FIG. 8 is a diagram illustrating an example energy harvesting system 800 comprising an energy harvesting connector 804 that couples together a straight energy harvesting component 802a and a straight energy harvesting component 802b, according to some embodiments. In particular, FIG. 8 presents a lengthwise cross-sectional view of the energy harvesting system 800. The energy harvesting connector 804 comprises a non-fluidic energy harvesting connector as described herein. As shown, the energy harvesting connector 804 comprises an inner cavity 814 containing a rod 808 extending between the two ends of the energy harvesting connector 804, a tube 806, and magnets 810, 812. The rod 808 comprises at least one bend and extends between the two ends of the energy harvesting connector 804 that couple to the straight energy harvesting components 802a, 802b. Though the rod 808 shows a bend of 90 degrees, for some embodiments, the bend could be of a different angle. The rod 808 is longer than the tube 806 and passes through (e.g., the respective inner diameters of) a first end and a second end of the tube 806 such that the tube 806 is movable along the rod 808. Each of the magnets 810, 812 is disposed at an end of the tube 806, and may be disposed such that the rod 808 passes through (e.g., the respective inner diameters of) the magnets 810, 812 to pass through (e.g., the inner diameter of) the tube 806. At least one of the magnets 810, 812 may comprise a ring-formed magnet, and at least one of the magnets 810, 812 may be disposed along an outer edge of an opening of an end of the tube 806, or disposed along an external surface at an opening of an end of the tube 806.

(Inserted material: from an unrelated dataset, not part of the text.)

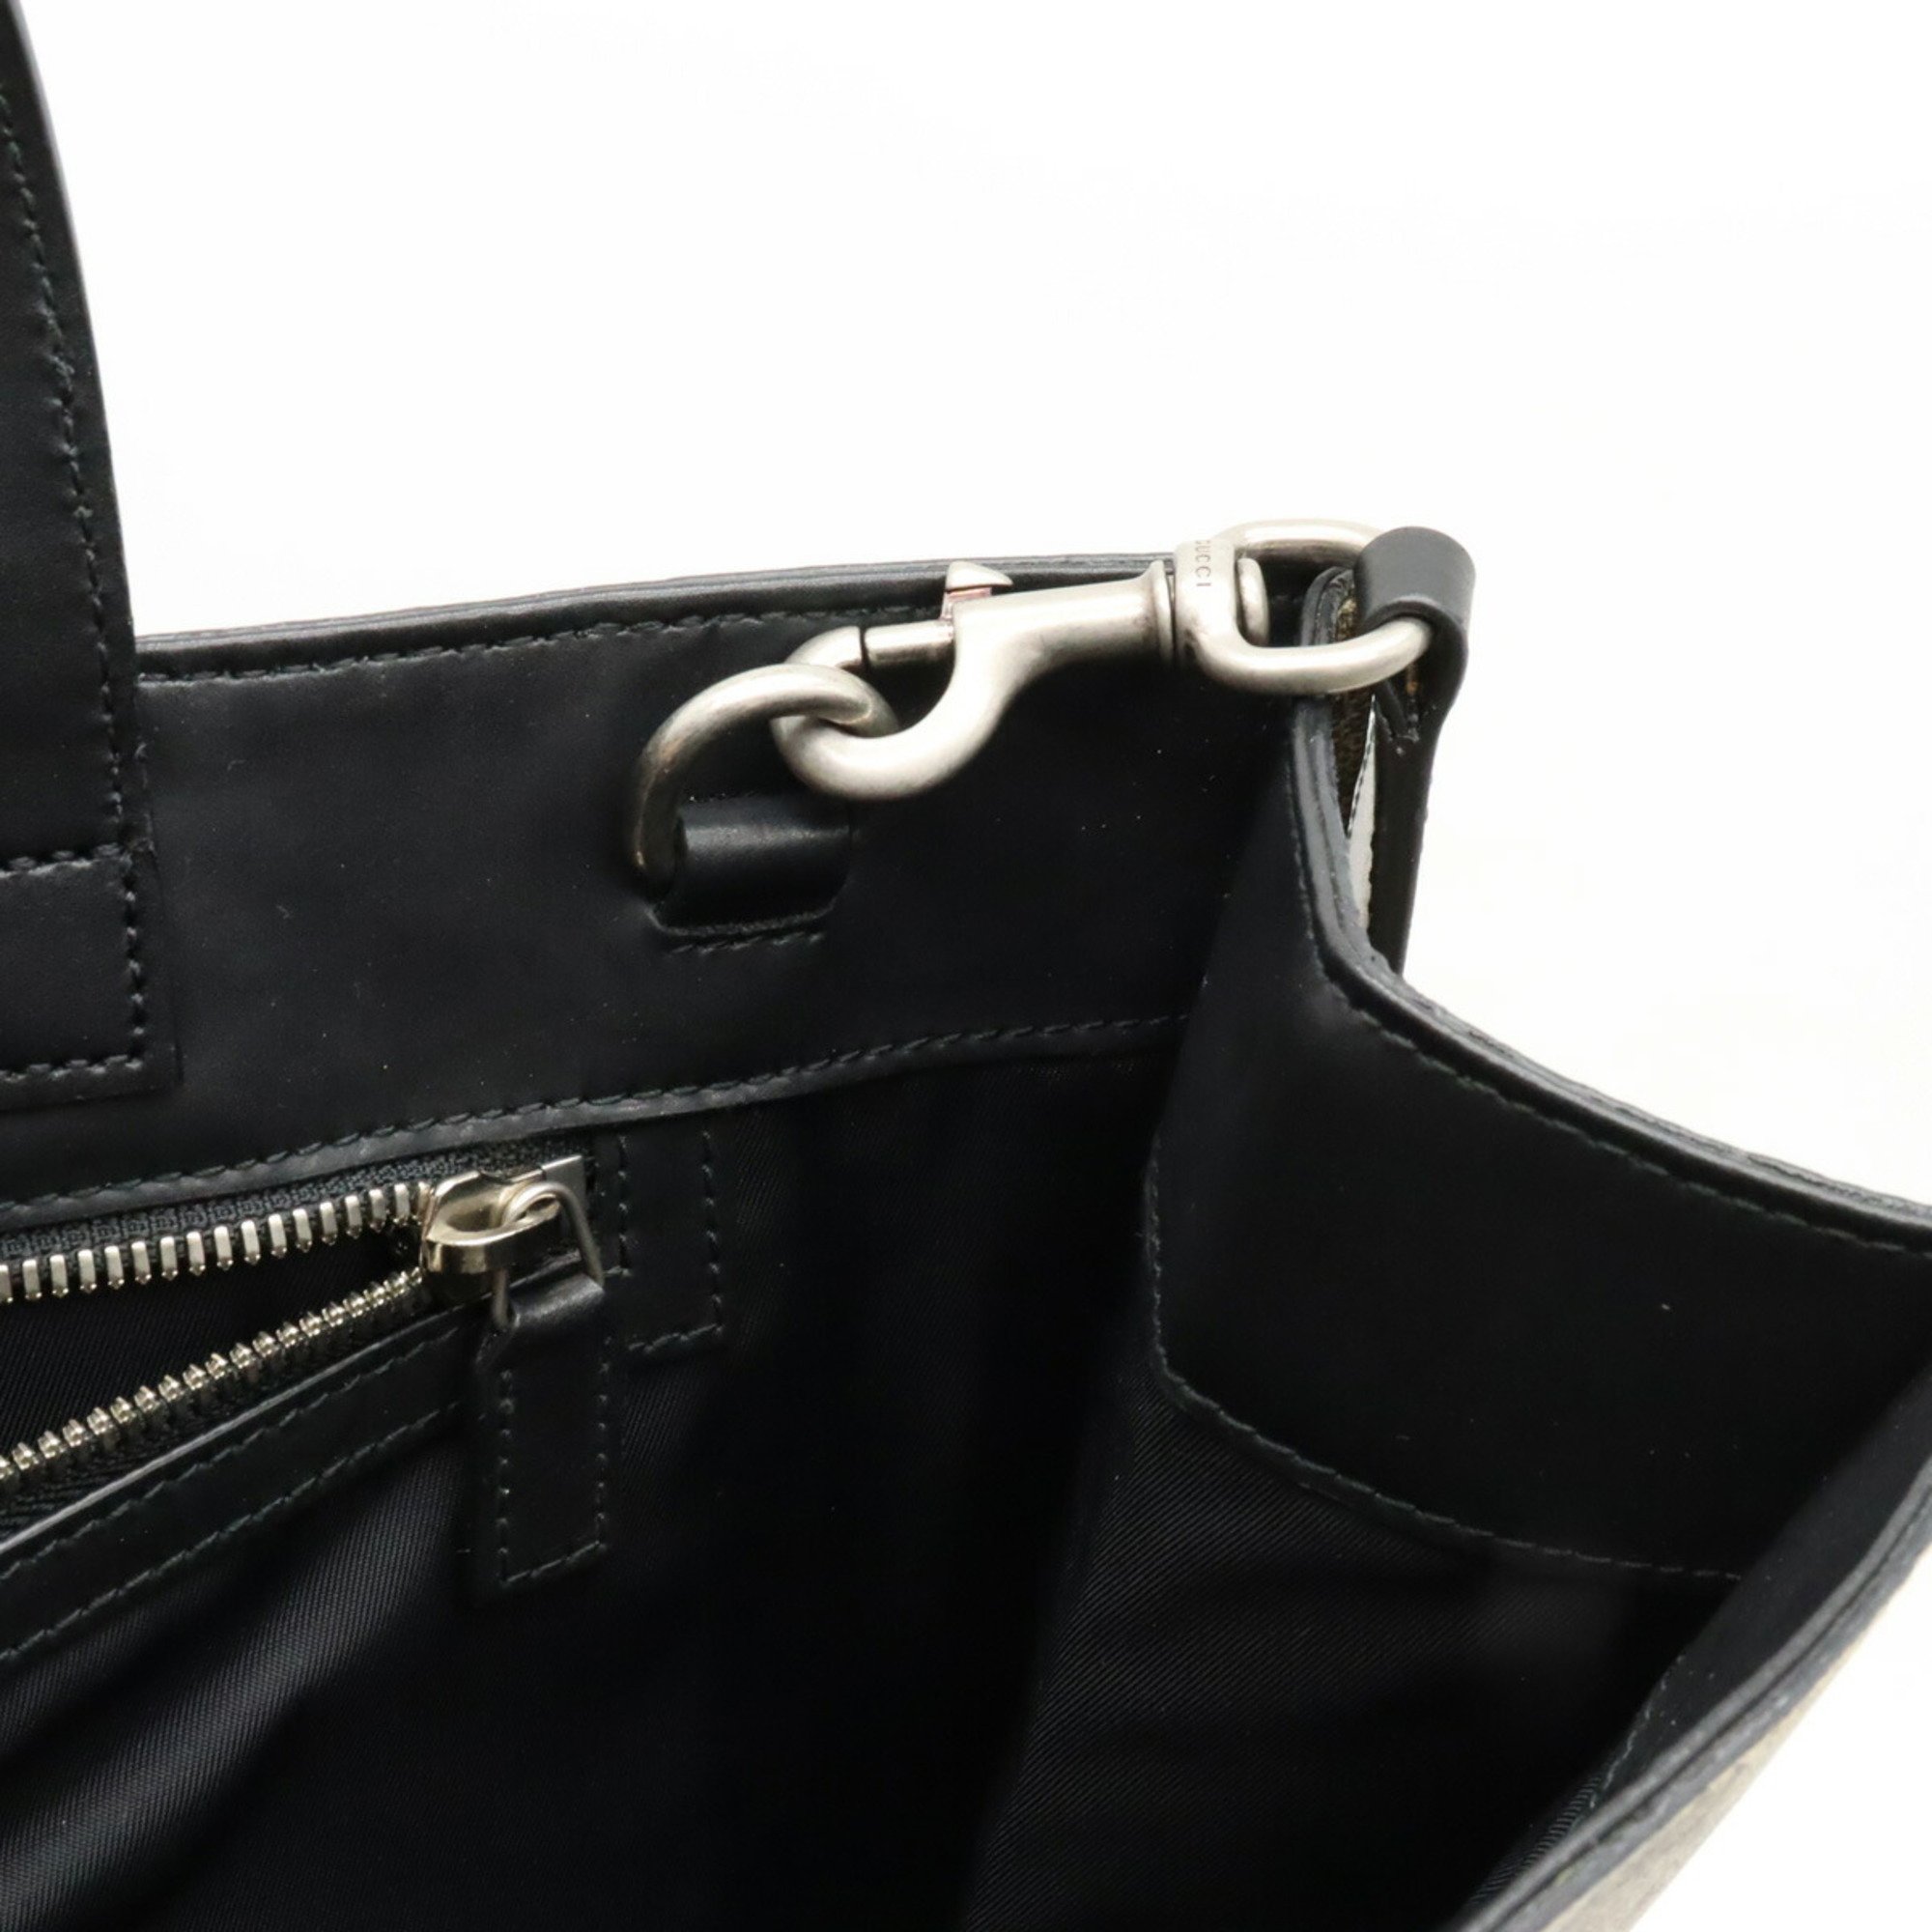 GUCCI Soft GG Supreme Tote Bag Shoulder PVC Leather Khaki Beige Black 456217
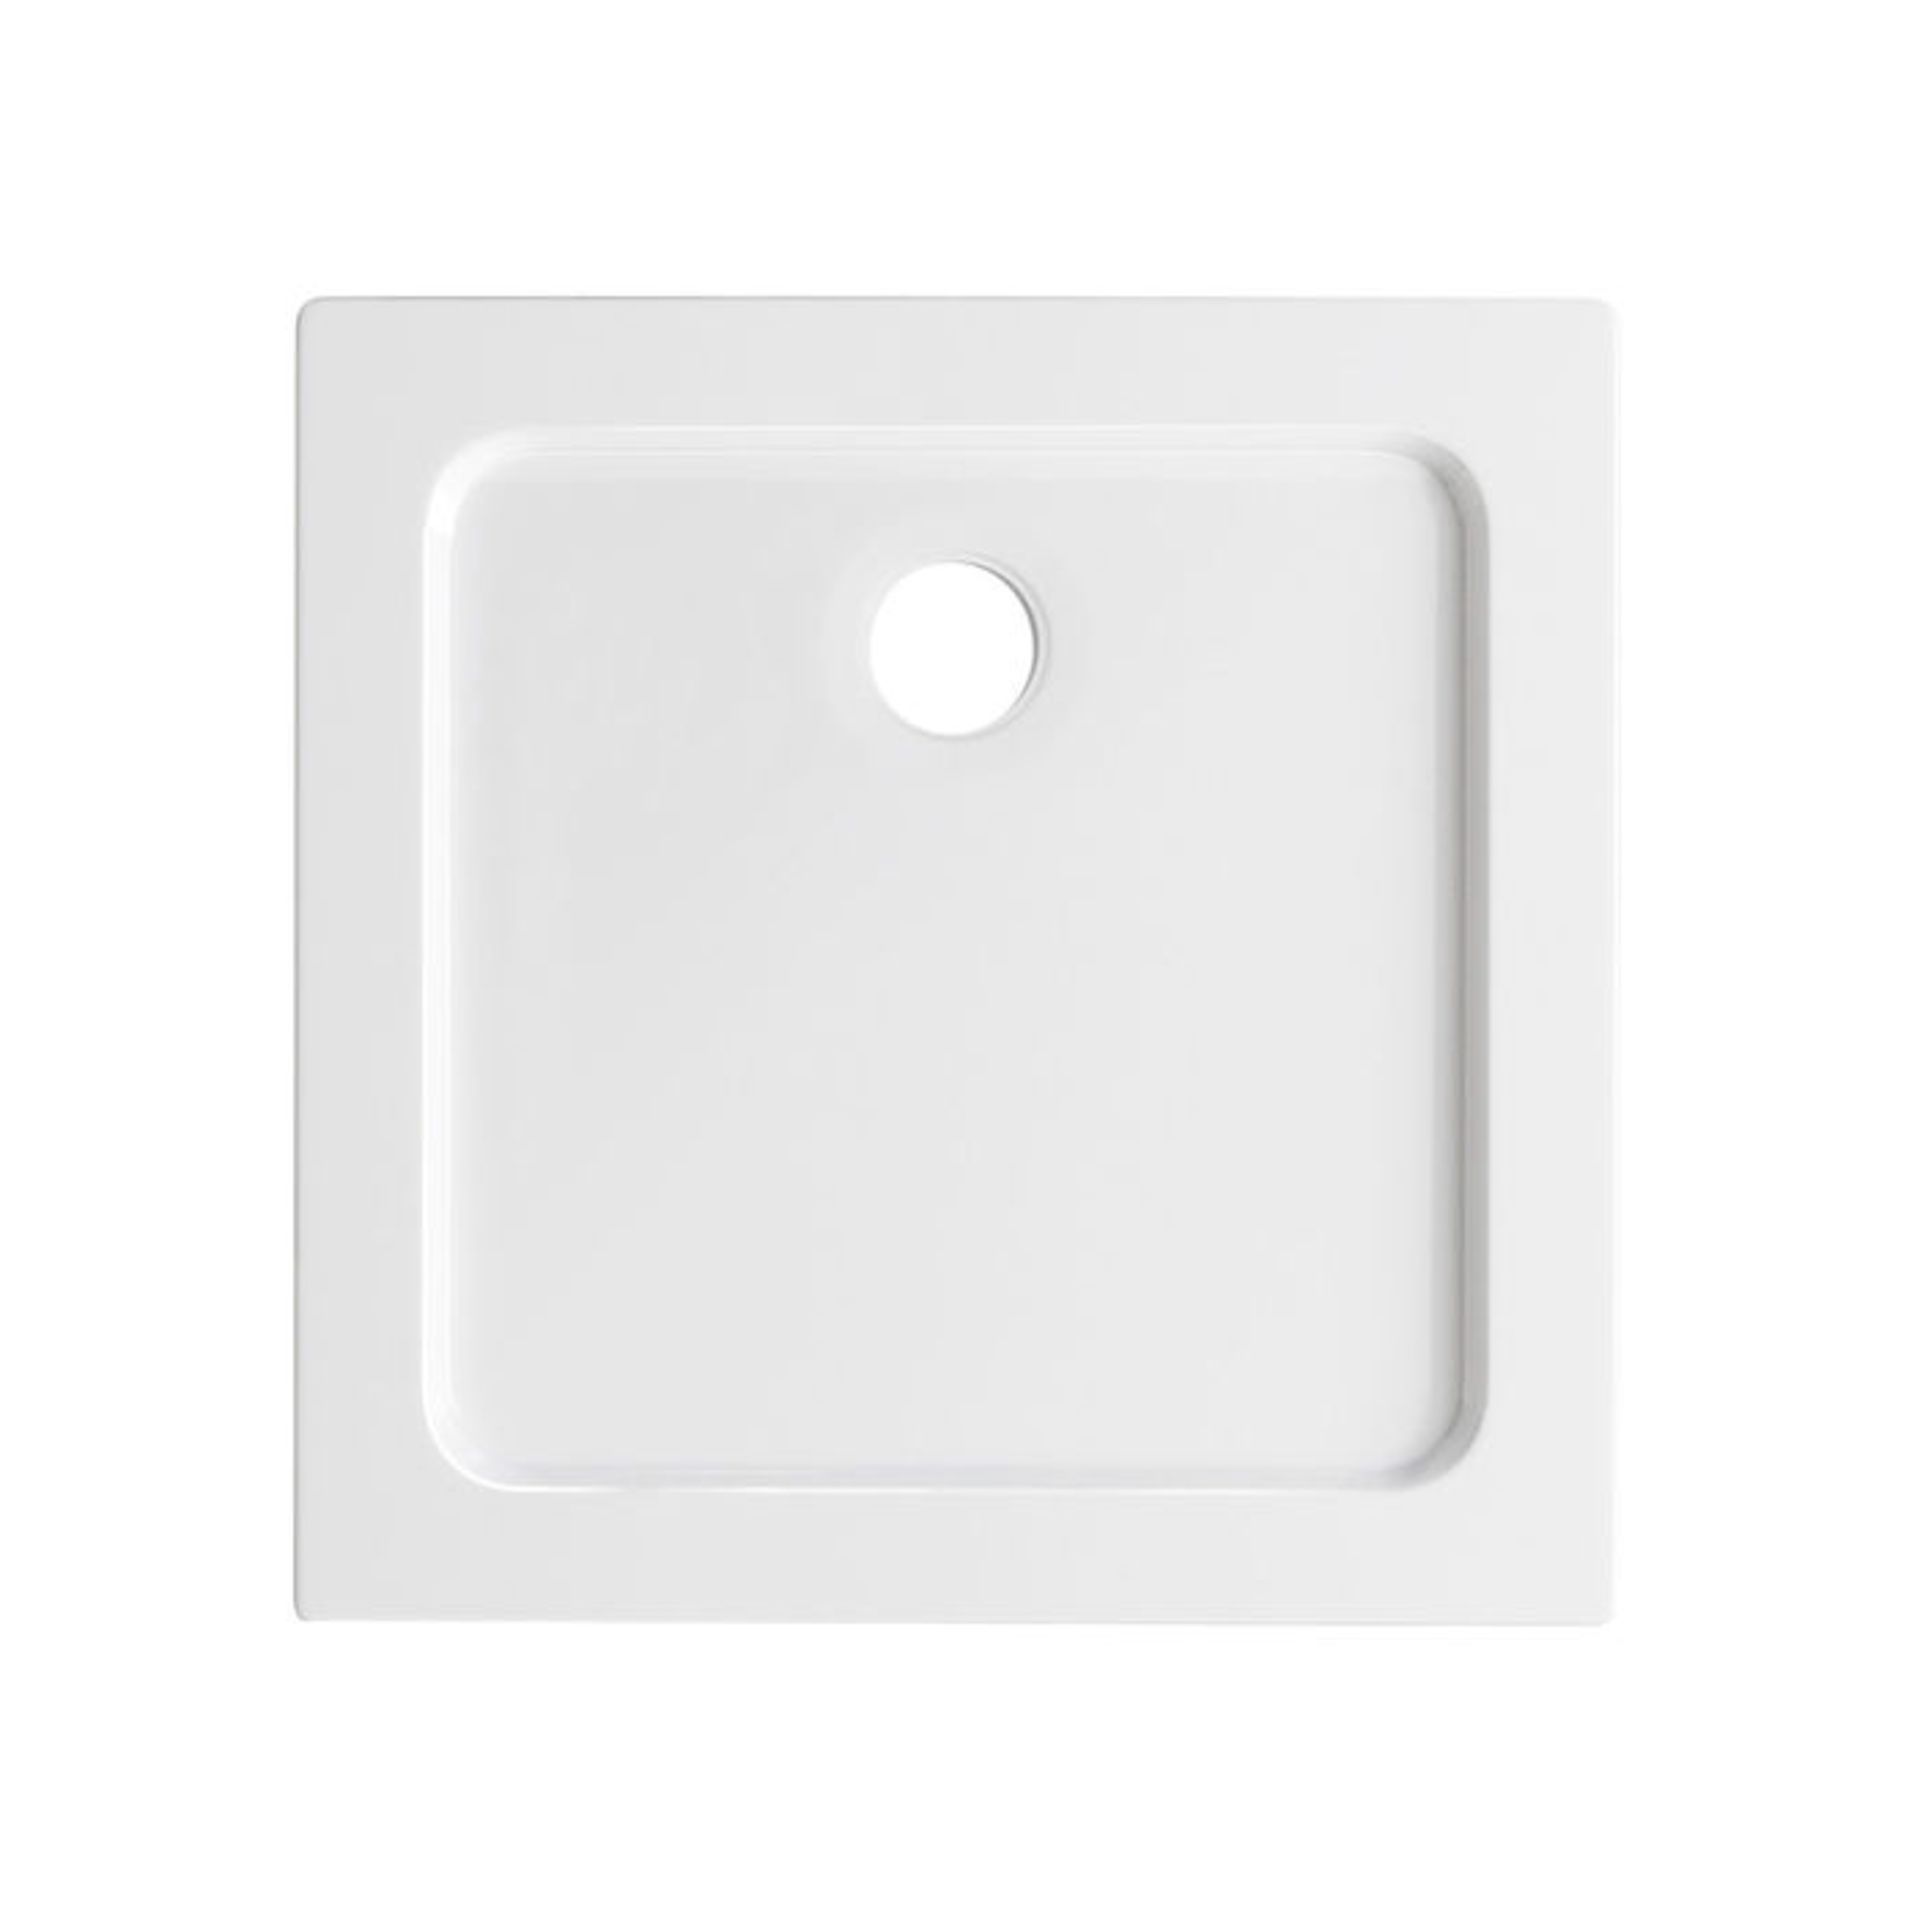 (KL53) 800x800mm Square Ultra Slim Stone Shower Tray. Low profile ultra slim design Gel coated stone

The straight energy harvesting component 802a is coupled to the energy harvesting connector 804 at a first end of the energy harvesting connector 804. The straight energy harvesting component 802a comprises a rod 820a extending the length of the straight energy harvesting component 802a, an outer coil 816a disposed within an inner surface of the straight energy harvesting component 802a, an inner coil 818a disposed about the rod 820a, and a magnetic ring 822a disposed about the rod 820a and movable along the rod 820a. The straight energy harvesting component 802a comprises stationary magnets 824a, 826a disposed on an inner surface at an end of the straight energy harvesting component 802a nearest the energy harvesting connector 804, and stationary magnets 828a, 830a disposed on an inner surface at the other end of the straight energy harvesting component 802a. As shown, the magnetic ring 822a comprises a magnet composite including adjacent magnets coupled together with their poles aligned in repulsion. As also shown, the stationary magnets 824a, 826a, 828a, 830a are disposed such that their respective poles are aligned in repulsion to the outermost poles of the magnetic ring 822a. Additionally, the outermost pole of the magnetic ring 822a closest the energy harvesting connector 804 is aligned in repulsion to the magnet 810. As described herein, the magnet 810 may be designed and located outside the magnetic force field of the magnetic ring 822a when the magnetic ring 822a is at rest (e.g., positioned in the center of the straight energy harvesting component 802a).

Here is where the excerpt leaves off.